The Centers for Medicare & Medicaid Services (CMS) selected MarkLogic to provide the back-end database for all these systems’ data. MarkLogic Server stores an anonymized version of all the XML content flowing between these systems and provides the capability to match requirements of citizens with insurance coverage available.

The subsystem that tracks and analyzes all message traffic in real time has proven to be the most visible success of a NoSQL system that affects citizens lives directly. Although the project experienced public difficulties, the level of complexity that was handled and the now successful rollout to more than seven million newly covered Americans resulted in a great success.

Check here for information on MarkLogic’s use in HealthCare.gov.

UK NHS Spine 2 Backbone

The UK National Health Service comprises hundreds of organizations, all under one national umbrella.
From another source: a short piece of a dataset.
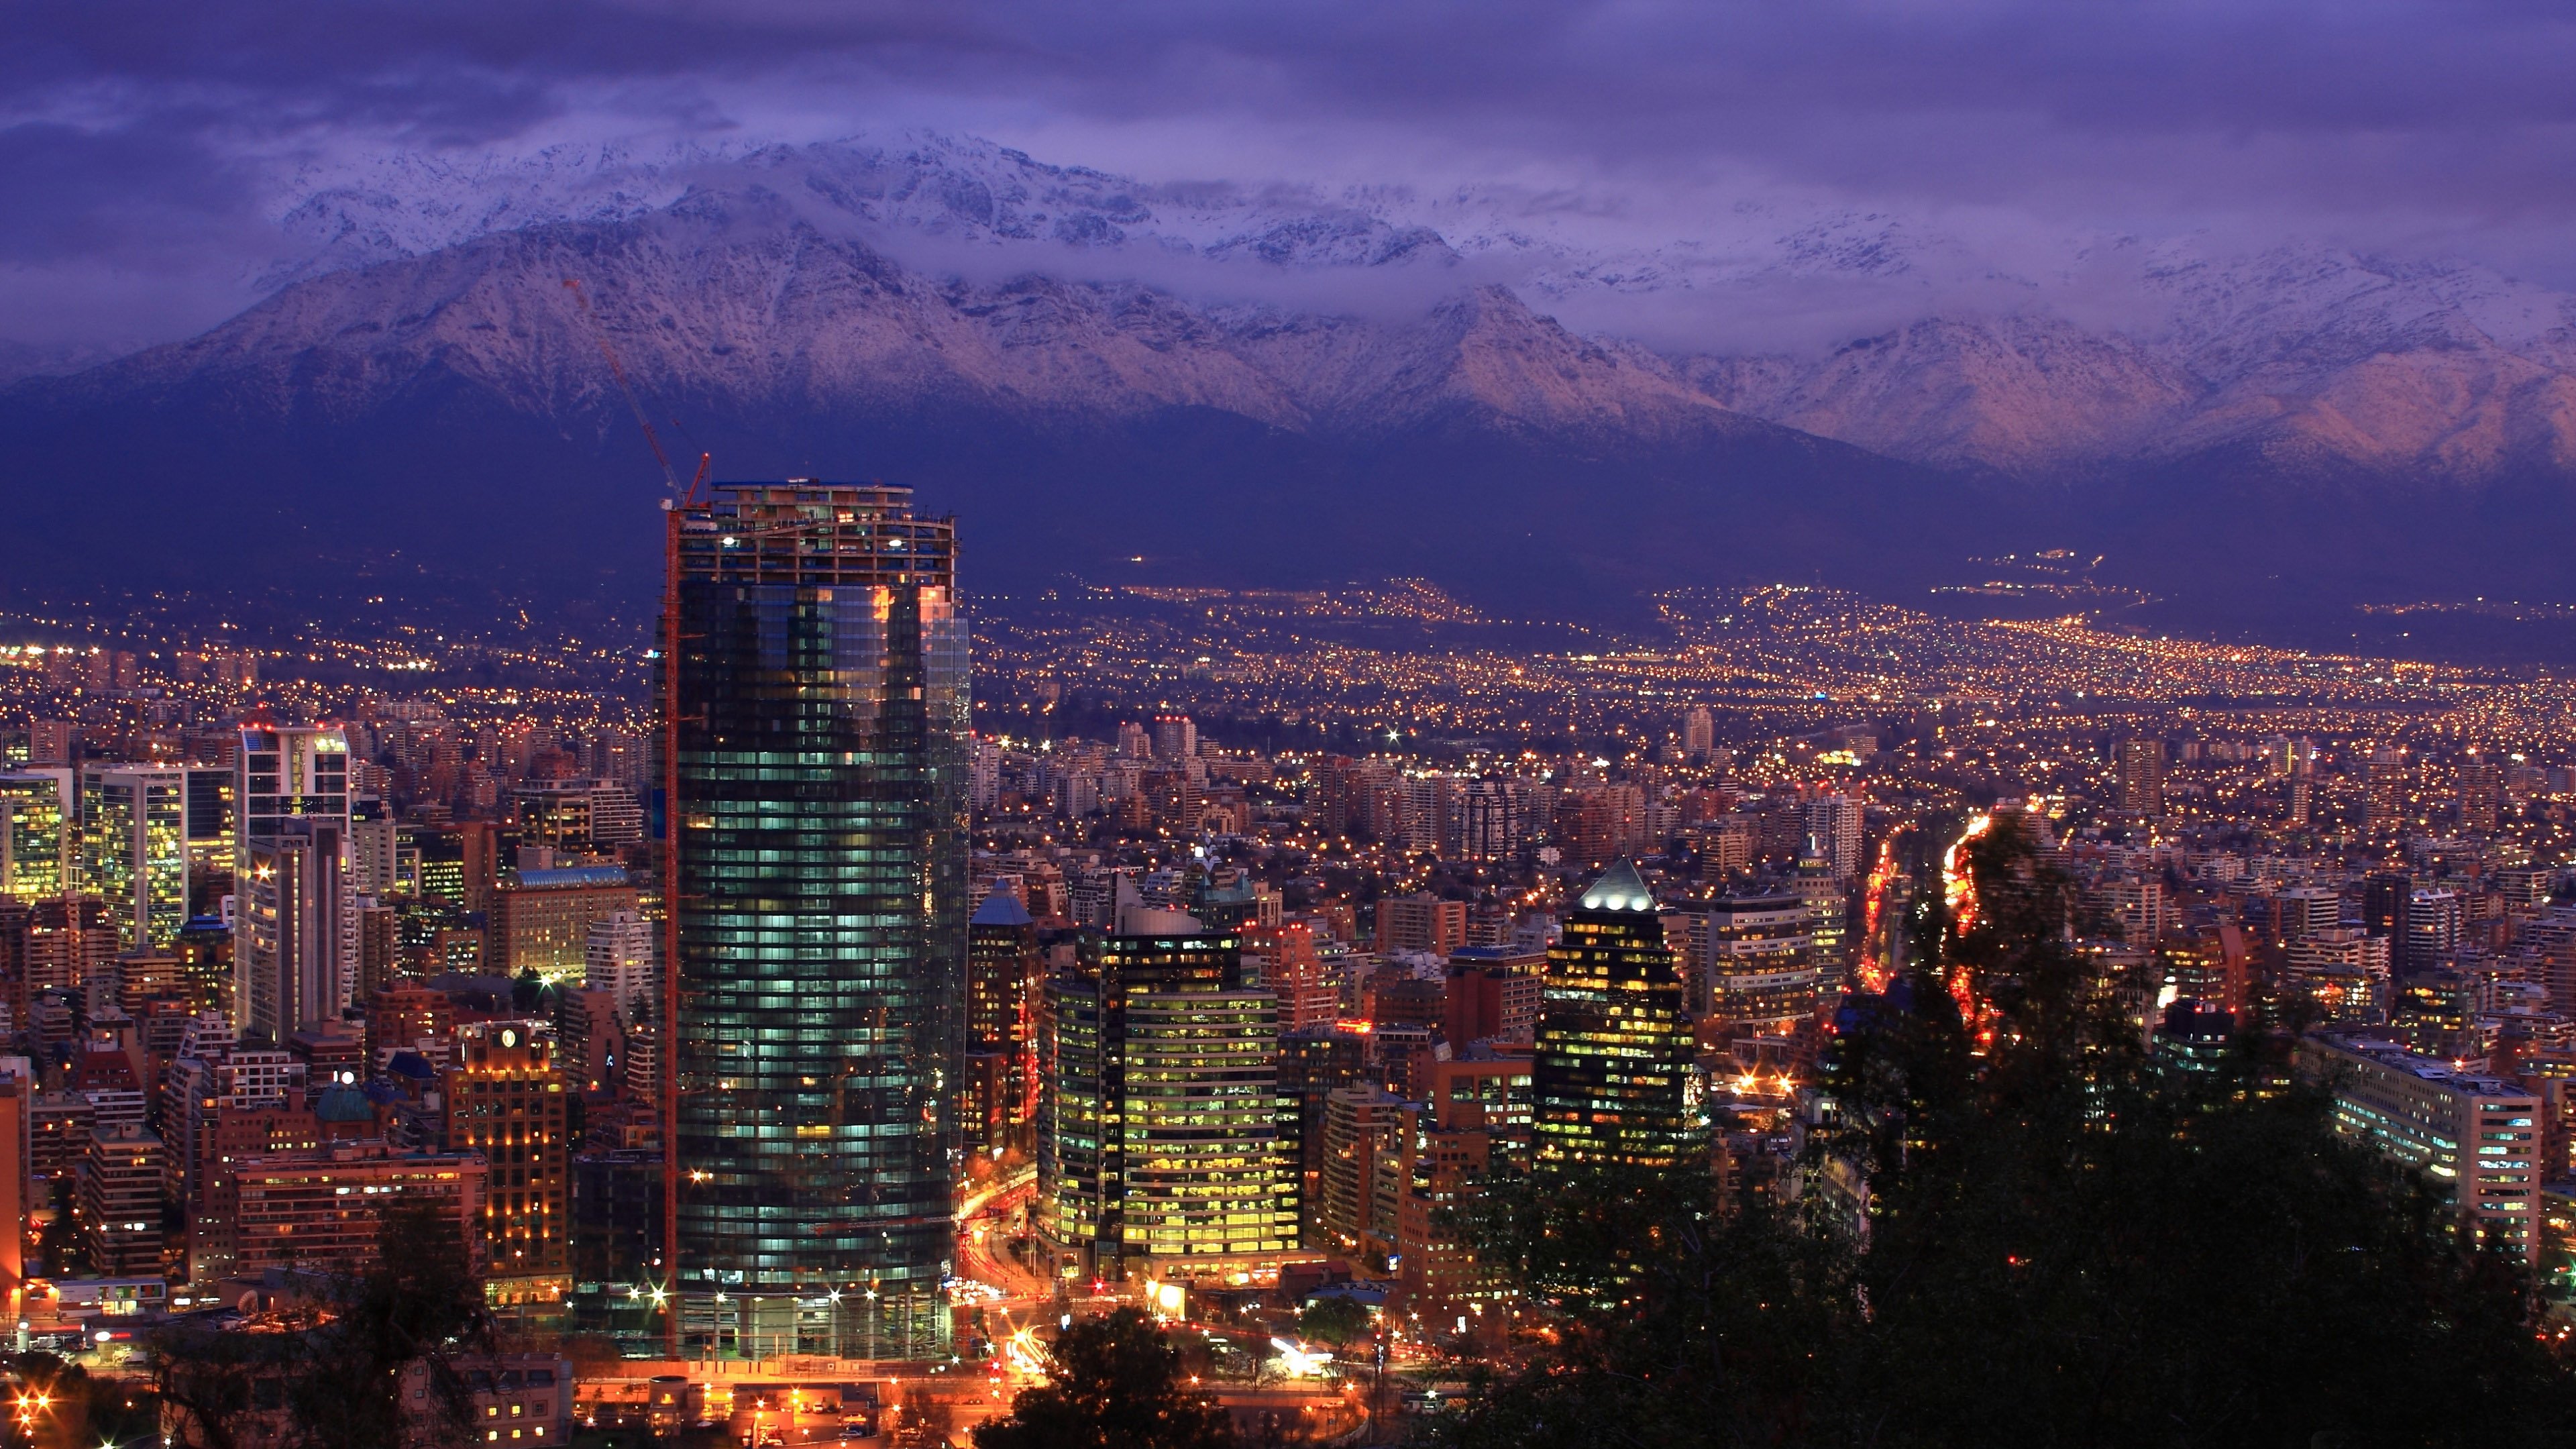 Santiago De Chile , HD Wallpaper & Backgrounds

For example, general practice surgeries and hospitals each have their own systems.

The UK NHS provides a set of services called the Spine. For example, the Spine includes a service that assigns newborns with a unique NHS number that will be with them for life. This Spine has a system that acts as a messaging backbone for a variety of systems, called Spine Core.

Spine 2 also includes communication with the Summary Care Record (SCR) systems that enable personnel in hospital emergency rooms to locate individual medical records throughout the country.

The Spine 2 backbone is built on top of Riak and replaces a very costly system built on top of older relational technology.

Check here for information on Riak’s use in Spine 2 Core.

Secure information sharing

In many situations, you need to provide access to information while also maintaining its security. Here are several examples:

  • A book publisher providing access to summaries so that you can verify the relevance of a book before purchase, but only view the full book after purchase

  • A multiagency social care application with different access rights for child protection officers, medical staff, educators, and law enforcement agencies

  • An intelligence-sharing application where high-level information on an intelligence report is shared for discovery, but where all access must be applied for and granted on a case-by-case basis

These situations share a common approach: they require security set at the record level as a minimum, so that you can show or hide a record to different users of the system.

Also, to provide secure access to specific sections within a record, you will also require either denormalization, or cell-based, or label-based access control (LBAC). LBAC enforces record security based on the content of that record rather than explicit permissions set for that record.

In these scenarios, NoSQL databases that support record or cell/element/triple level security, such as Accumulo, MarkLogic Server, and AllegroGraph, are good options.

Citizen engagement

Governments use NoSQL databases to empower citizens with information about how their country is governed. A good example is Fairfax County in Virginia, which uses MarkLogic Server to provide geospatial information through an online browse and search interface to government agencies and residents. The service covers a range of information — for example, geographic points in the county and police-related events.

In the UK, the award-winning legislation.gov.uk website provides information on UK laws dating back to more than one thousand years! If you want to know the laws about theft of property in Wales in 1542, just visit the website!

You can also find laws currently being debated by Parliament, and upcoming legal clause activations are available as annotations for current legislation. This service provides citizens as well as lawmakers with a very rich reference on legal matters throughout the UK.

This website is powered by MarkLogic Server 5 (version without a triple store) and Ontotext’s GraphDB.